Specific aim I: Determine the critical period when sox4 is required for choroid fissure closure.

Although the coloboma phenotype in sox4 morphants scored at 48 hpf, it is likely to be the consequence of much earlier developmental defects because cyclopamine treatment as early as 5.5 to 13 hpf can rescue it. To find the critical period for the requirement of sox4 in choroid fissure closure, photo-morpholino (photo-MO) will be used for the temporal control for sox4 knockdown. Photo-MO incorporates a photo-sensitive subunit which can be cleaved by 365 nm UV light. Sense photo-MO will be used in this study, which binds to the antisense sox4 MO preventing it from binding to sox4 transcript. When the sense photo-MO is cleaved by UV light, it releases the antisense morpholino, which then blocks the translation of sox4. This experiment will allow me to control the onset of sox4 knockdown, to define the critical period when sox4 is required for choroid fissure closure.

Specific aim II: Determine whether sox4 regulates rod neurogenesis in a cell autonomous or a non-autonomous fashion.

As a transcription factor, if sox4 transcriptionally regulates the expression of the rod lineage genes, I would predict that sox4 functions cell-autonomously in rod specification. On the other hand, if the rod neurogenesis defect in sox4 morphants is associated with sox4 regulation of Hh signaling, I would predict that sox4 regulates rod differentiation in a non-cell-autonomous fashion. To address this question, I will conduct blastula stage transplants between sox4 morphant and control embryos. Control and sox4 morphants on XOPS-GFP transgenic background will be divided into two groups each and used for generating sox4 chimeric embryos. Donors will be labeled with lysine-fixable Texas Red Dextran. Host embryos will be selected at 24 hpf for Texas Red Dextran labeled cells in the retina.

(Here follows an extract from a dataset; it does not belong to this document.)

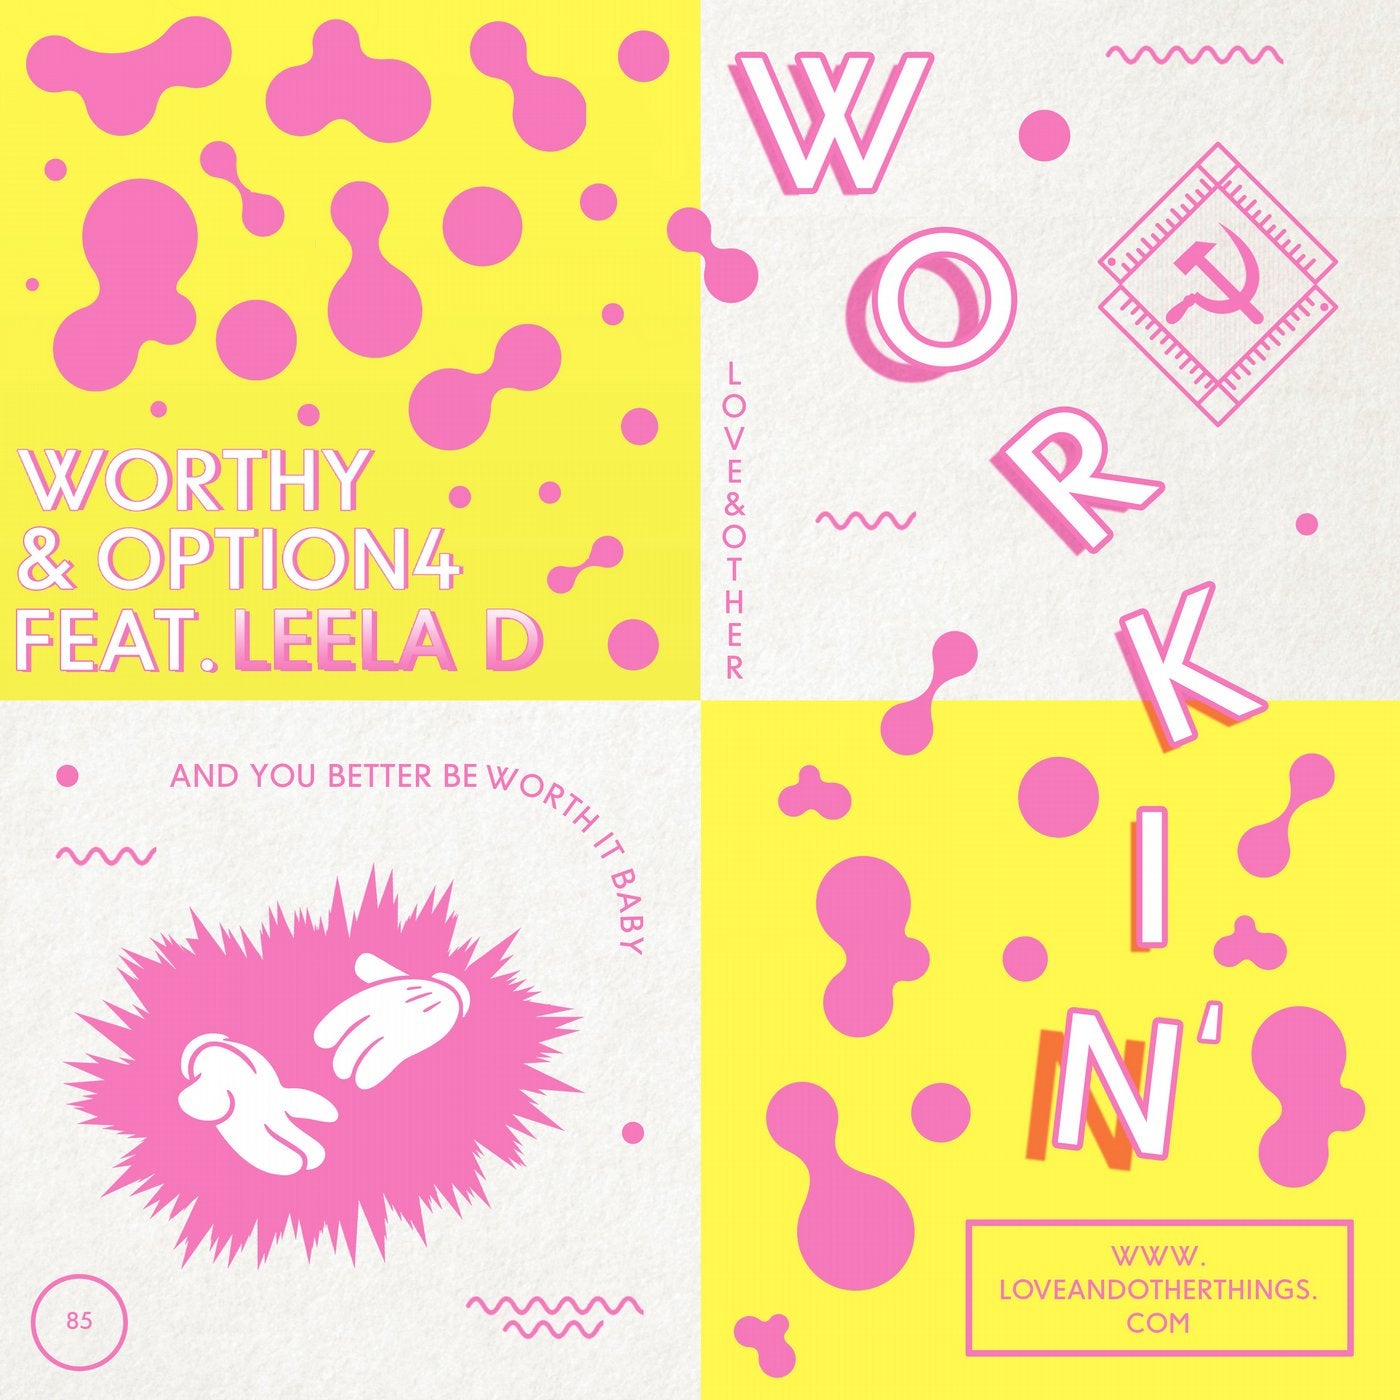 Workin' feat. Leela D

Chimeric embryos will be fixed at 72 hpf and 4 dpf, and cryosectioned. Since both donor and host embryos are on the XOPS-GFP genetic background, rod photoreceptors can be detected by GFP expression. Additionally, because all donor cells are labeled with Texas Red Dextran, rods derived from donor cells will exhibit colocalization of GPF and Texas Red, thus showing yellow color. The number of rods for each color in all groups will be counted.

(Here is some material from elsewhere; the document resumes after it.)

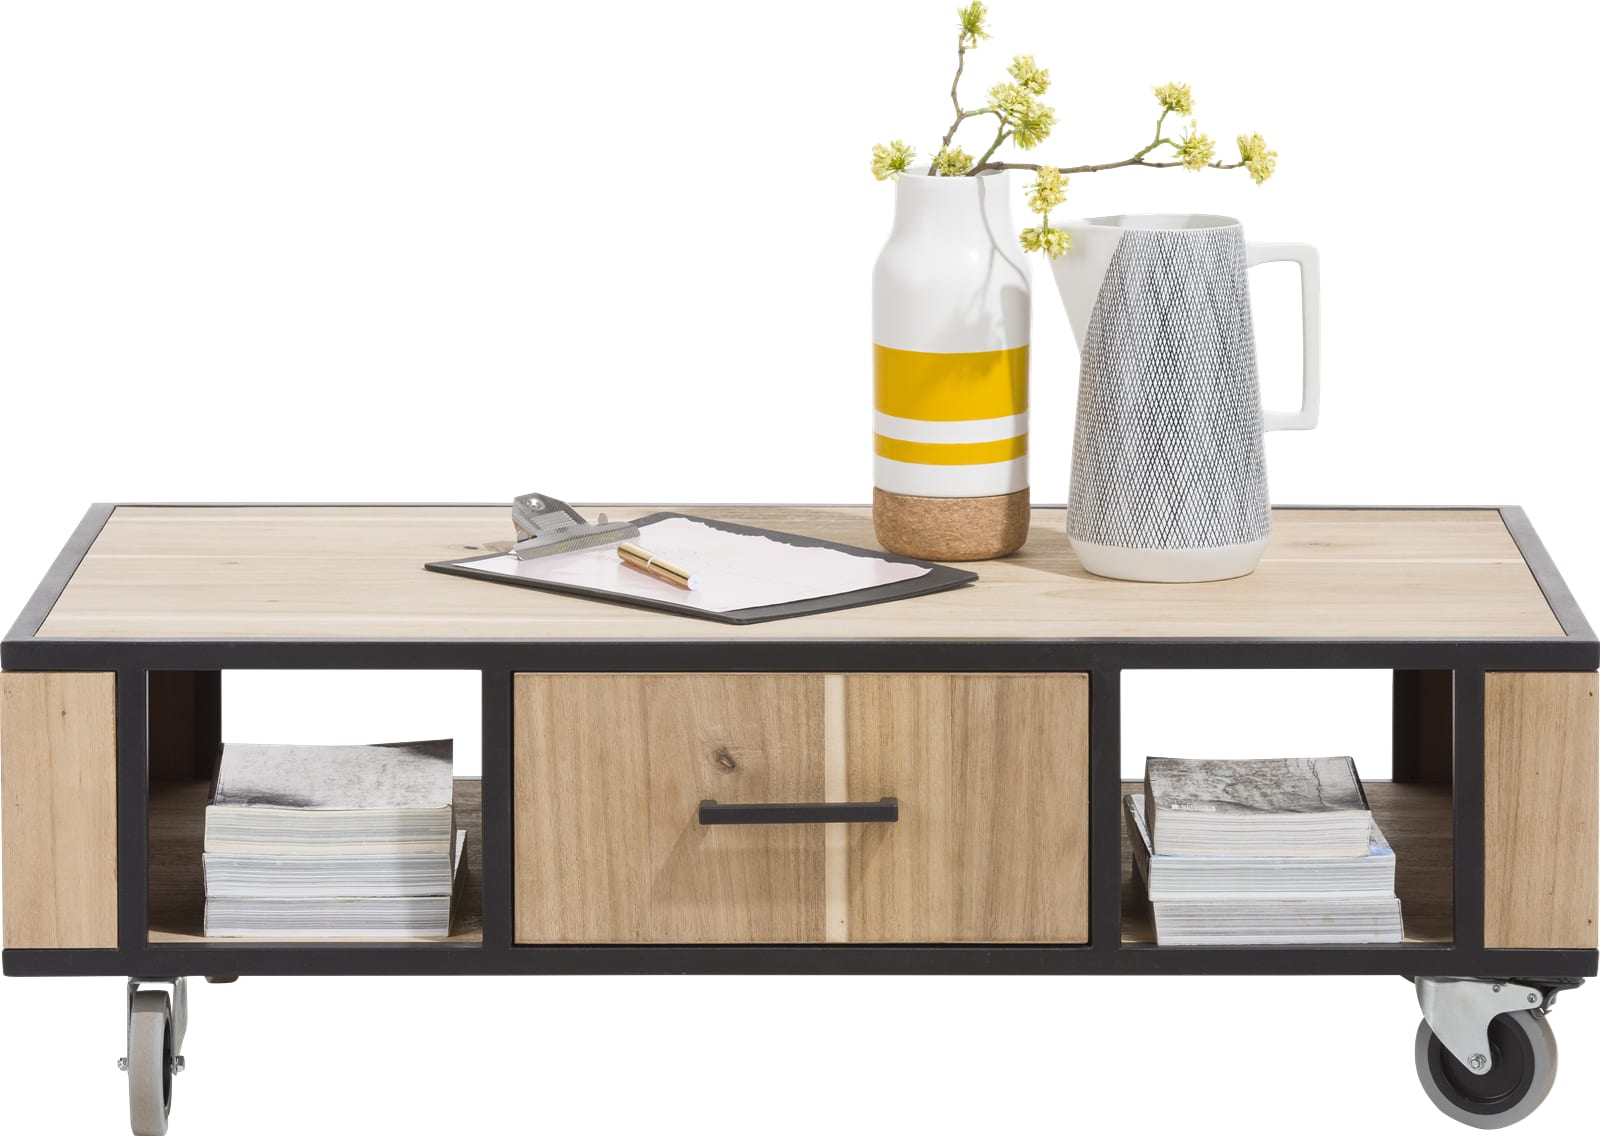 mengen klauw Gedetailleerd KINNA" salontafel - 110 x 60 cm - XOOON: Betaalbaar design

This research addresses a gap in our understanding of the complex network of gene regulation controlling eye morphogenesis and photoreceptor neurogenesis. The ultimate goal is to provide valuable data that will lead to genetic screen and therapeutic treatments for patients who suffer from vision defects.

Graduate Training

Molecular, Cellular, and Developmental Biology

Selected Publications:

Wen Wen, Lakshmi Pillai-Kastoori, Stephen G. Wilson, and Ann C. Morris. (2014) Sox4 regulates choroid fissure closure by limiting Hedgehog signaling during ocular morphogenesis. Developmental Biology, epub ahead of print, Available online 31 December 2014.

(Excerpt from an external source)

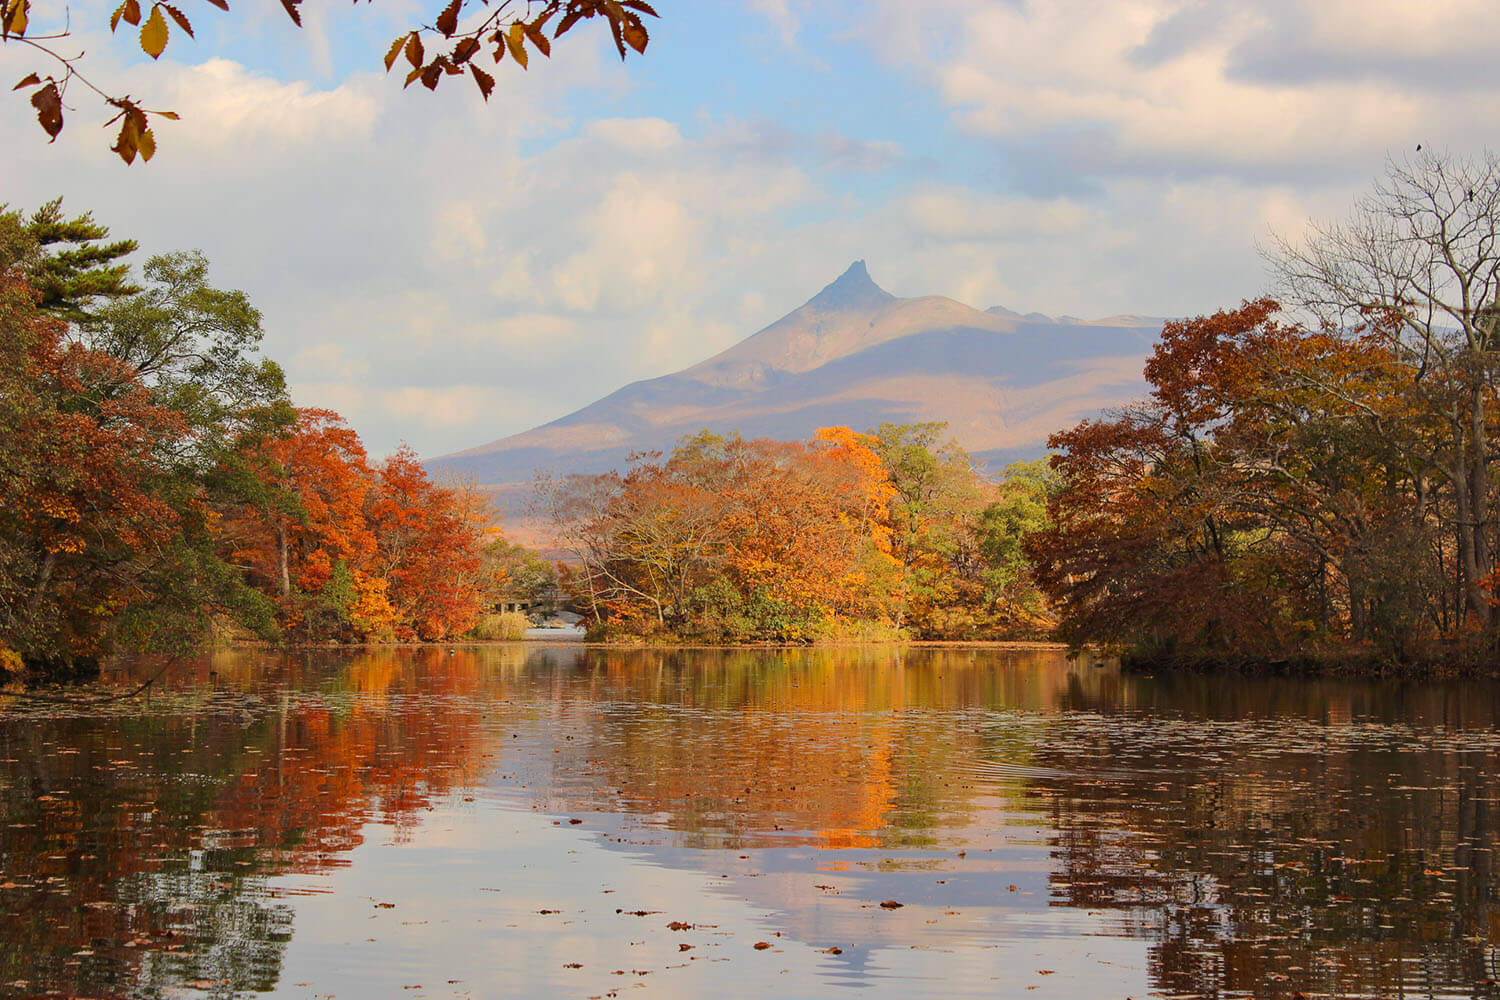 駒ヶ岳を紅葉が染め上げ、湖面に映える様子は一幅の絵さながらの美しさ

Lakshmi Pillai-Kastoori*, Wen Wen*, Ann C. Morris. (2014) Keeping an eye on SOXC proteins. Developmental Dynamics, epub ahead of print, Dec. 05. *co-first authors

Lakshmi Pillai-Kastoori, Wen Wen, Stephen G. Wilson, Erin Strachan, Adriana Lo-Castro, Marco Fichera, Sebastiano A. Musumeci, Ordan J. Lehmann, Ann C. Morris. (2014) Sox11 is required to maintain proper levels of Hedgehog signaling during vertebrate ocular morphogenesis. PLOS Genetics. 10(7): p. e1004491.

Stephen G. Wilson, Wen Wen, Lakshmi Pillai-Kastoori, Ann C. Morris. (2015) Tracking the fate of her4 expressing cells in the regenerating retina using her4:Kaede zebrafish. Experimental Eye Research, 145:75-87.